=== Supplied records ===
>>>

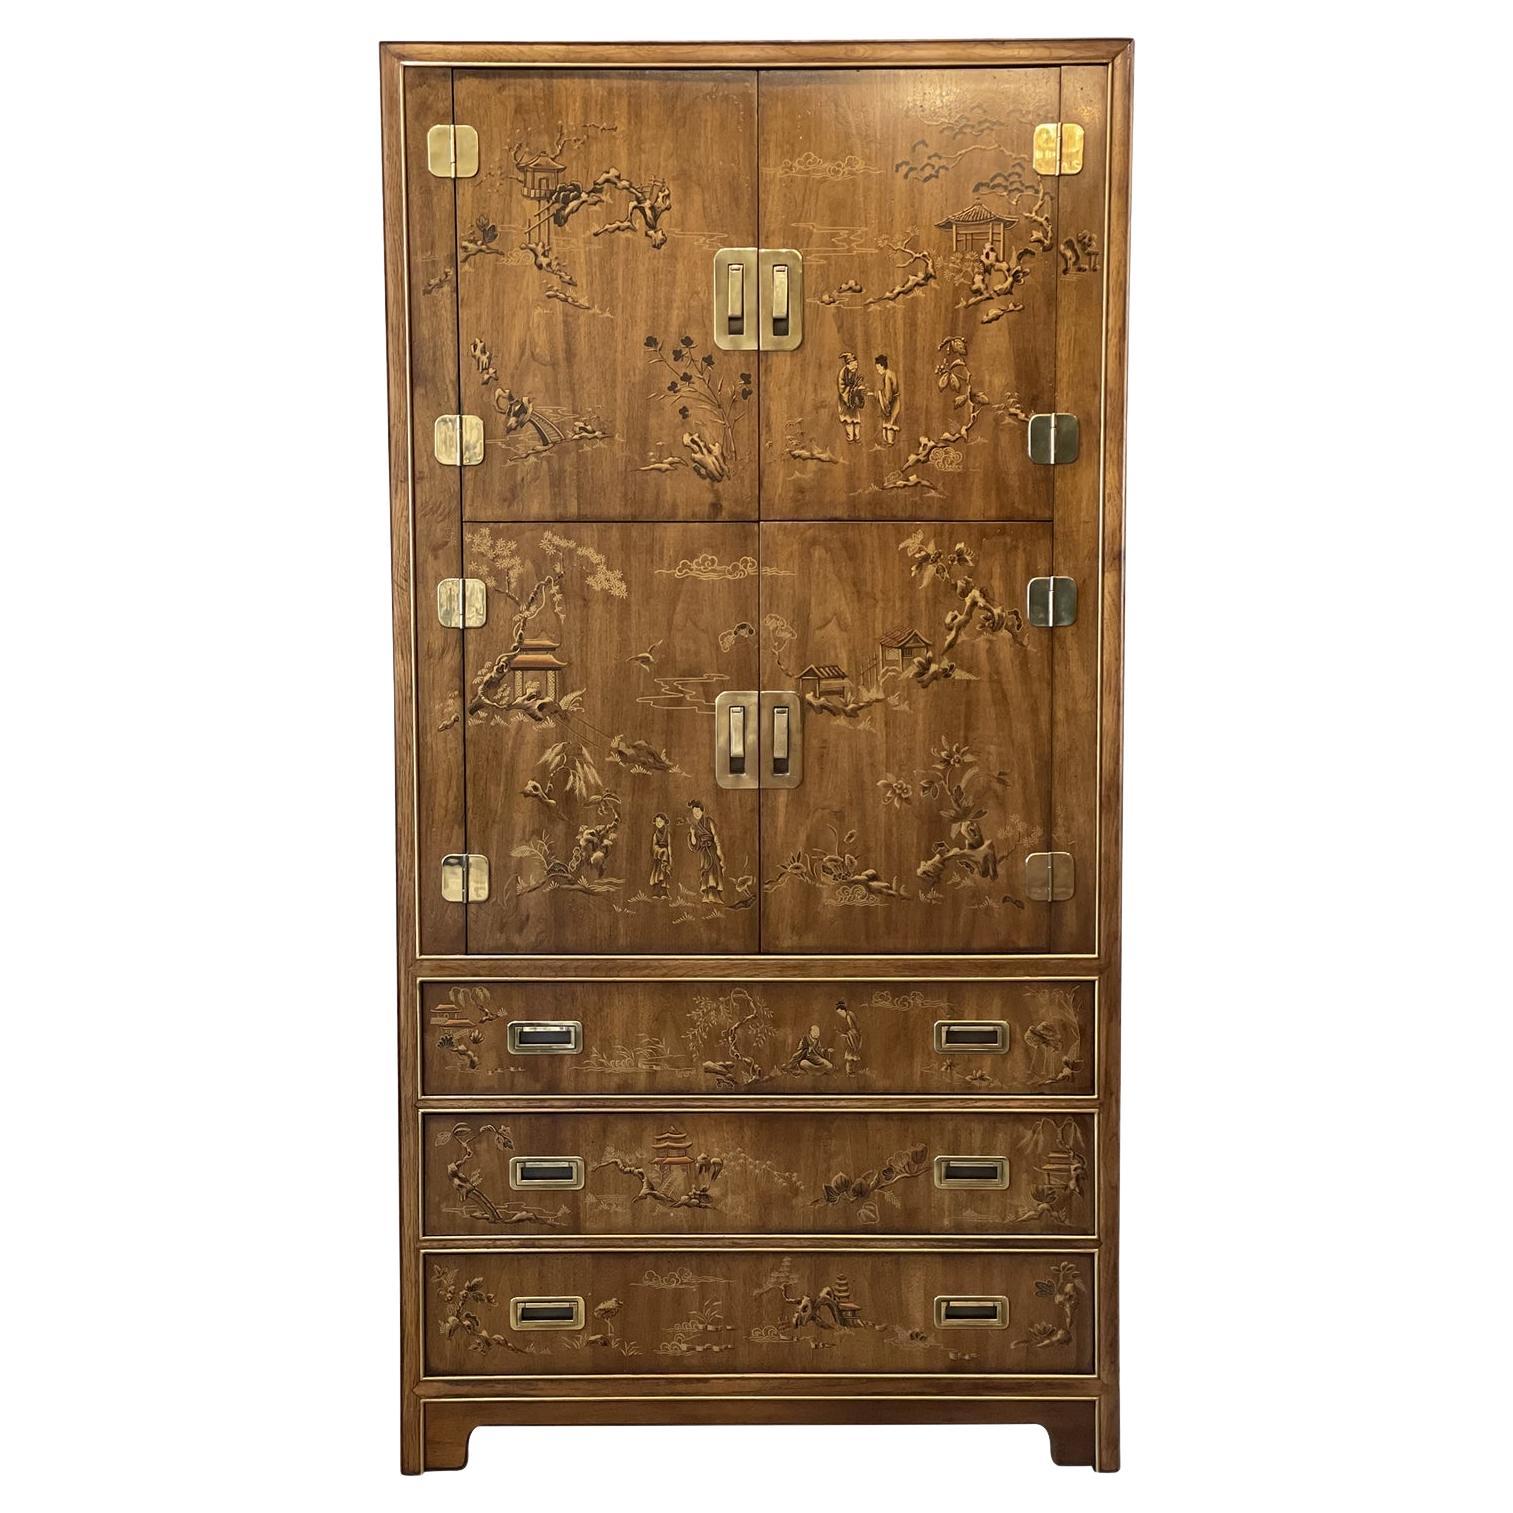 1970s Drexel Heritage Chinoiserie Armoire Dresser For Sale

<<<
>>>

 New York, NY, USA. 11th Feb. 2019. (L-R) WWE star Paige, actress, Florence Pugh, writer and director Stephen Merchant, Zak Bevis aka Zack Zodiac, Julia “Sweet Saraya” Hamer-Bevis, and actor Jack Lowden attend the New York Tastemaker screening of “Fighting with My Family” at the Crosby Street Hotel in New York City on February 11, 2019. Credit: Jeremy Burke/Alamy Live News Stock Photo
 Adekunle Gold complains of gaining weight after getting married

<<<

Reproduce exactly, and with no other material, the lines between those holding "New York, NY, USA." and "Adekunle Gold complains", inclusive.

 New York, NY, USA. 11th Feb. 2019. (L-R) WWE star Paige, actress, Florence Pugh, writer and director Stephen Merchant, Zak Bevis aka Zack Zodiac, Julia “Sweet Saraya” Hamer-Bevis, and actor Jack Lowden attend the New York Tastemaker screening of “Fighting with My Family” at the Crosby Street Hotel in New York City on February 11, 2019. Credit: Jeremy Burke/Alamy Live News Stock Photo
 Adekunle Gold complains of gaining weight after getting married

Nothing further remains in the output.